Hamilton Design Review Panel to Deliberate on Design Rules for New 45-Storey Waterfront Tower

Bruce Kuwabara/KPMB Architects

A conceptual design for a 45-storey tall building at Hamilton's Pier 8 redevelopment designed by Bruce Kuwabara and shown to a meeting of the North End Neighbourhood Association on May 20, 2020

Hamilton’s Design Review Panel will deliberate Thursday what should be required for Pier 8 developer Waterfront Shores to be allowed to build a 45-storey tall building as Hamilton’s new skyscraper icon.  what the City should expect from a 45-storey tall building on the West Harbour, if it is approved by City Council, or even sought by the Pier 8 developer Waterfront Shores.

The meeting is Thursday starting at 2:00pm. Members of the public can request access to watch the meeting by emailing Victoria.Cox@hamilton.ca prior to noon on Wednesday.

The tower concept emerges from a surprising turn of events.

Herman Turkstra and Harbour West Neighbours Inc. settled their appeals of the Pier 8 redevelopment zoning with the inclusion of a clause requiring the City of Hamilton’s planning department to present a range of options for a “signature” mid-rise or tall building on the western edge of Pier 8.

The neighbourhood appellants are seeking more family units in the overall Pier 8 redevelopment, the tall building option is designed to incentivize this goal.

As the building height increases, so too does the required number of family units.

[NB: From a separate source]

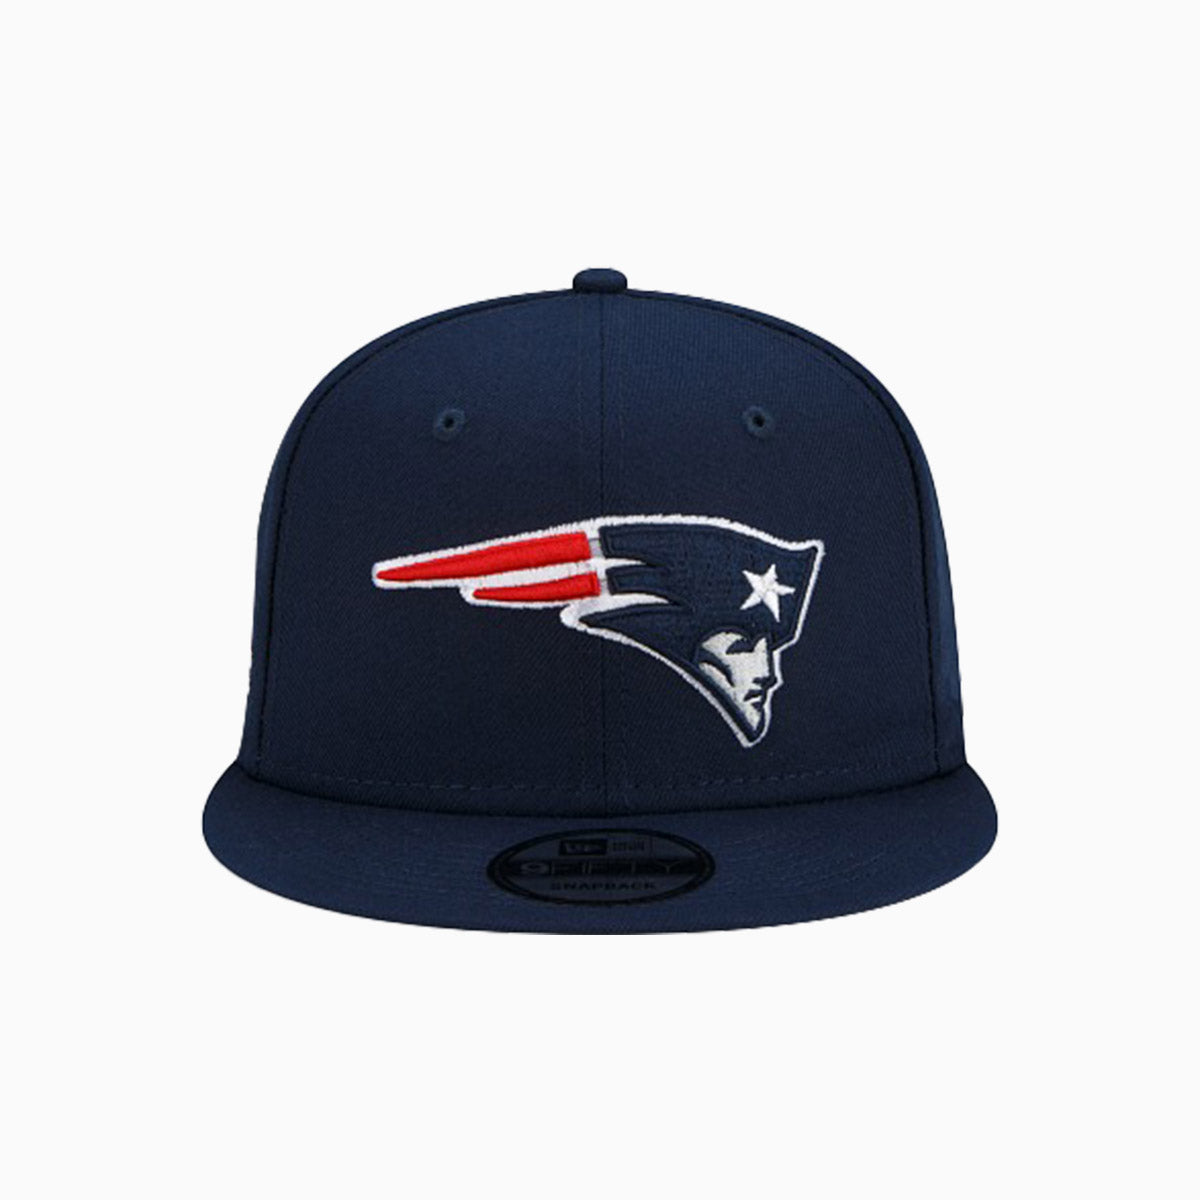 Men's New Era White/Red New England Patriots Retro Sport 9FIFTY Snapback Hat
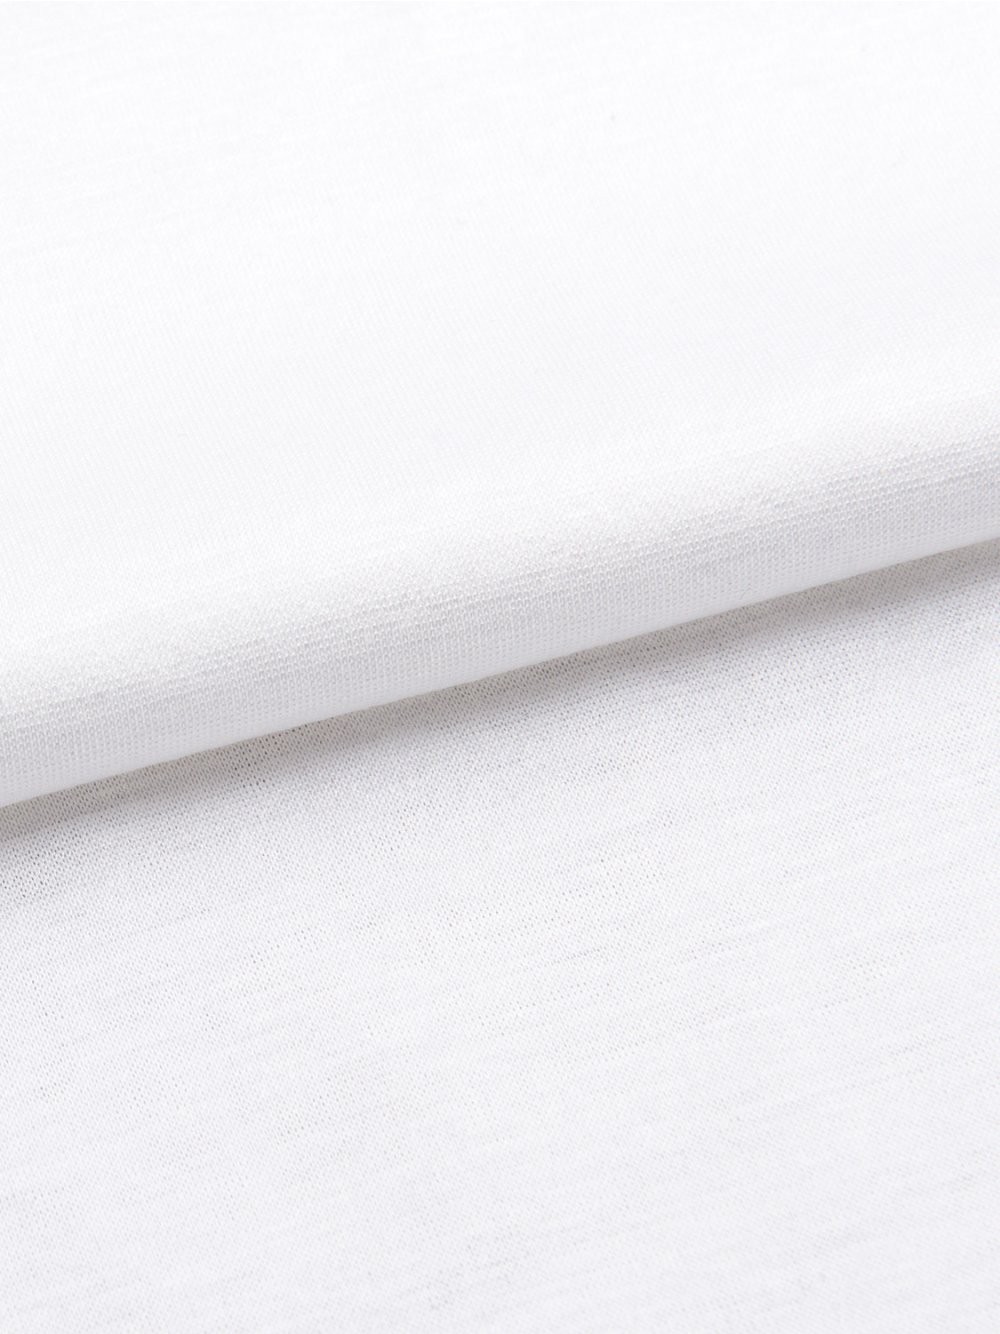 mens_underwear_v_neck_t_shirt_alex_micro_modal_stretch_white_fabric

A 45-storey building must include 150 units with two or more bedrooms.

What should the urban design guidelines for a signature building be?

The City hired Brook McIlroy to create a new Urban Design Guideline for this site, officially known as Pier 8 Block 16. Brook McIlroy created the original design guidelines of the Pier 8 redevelopment.

HANDOUT / Brook McIlroy

Conceptual Massing Envelope in the urban design guidelines document for Hamilton’s Pier 8 Block 16.

The 92-page document covers site organization, public realm interface, residential building design, sustainability, how to ensure either the mid-rise or tall building option integrate well into the City’s hope to make Pier 8 a year-round destination that Hamiltonians from all parts of the city frequent for recreation and entertainment.

It is a dry read, and not being a product of Waterfront Shores, it does not provide any details regarding the proposed tower. This is why there are no new renders of the proposed building, and the figures in this document are all conceptual.
Disclaimers are contained throughout the document stating that the City of Hamilton has made no commitment to allowing a tall building on Block 16, and the report is to facilitate discussion.

Waterfront Shores “should allow for a minimum of 50% sun coverage at all times of the day” during the spring and summer on the new waterfront promenade, the report states. This means the design of the entire site will need to be designed to manage shadowing of the promenade along the Harbour to the north of the buildings.

Parking for Block 16 will need to be hidden within the neighbouring buildings to the east, says the report. The podium of Block 16 needs to be an active space, not storage for cars. Garage entrances need to be recessed and screened from the pedestrian realm.

Green design should be a key requirement, and the City should impose strict standards the report states. Waterfront Shores is expected to be enrolled in the Energy Star Portfolio Manager prior to submitted any application for Block 16 to the City.

HANDOUT / Brook McIlroy

A conceptual shadow study in the urban design guidelines document for Hamilton’s Pier 8 Block 16.

District energy preparation will also be required, including the reserving of space and easements for future thermal piping.

All landscaping will be required to utilize 100% native plants, the report states.
Bird-friendly design will be required “including sunshades or louvers, visual markers within glazed surfaces, and non-reflective glazing to reduce window collisions with birds.”

The idea of the building as a landmark is briefly explored in the final sections of the report, with much discussion of the top of the building serving as a beacon that will represent Hamilton’s skyline.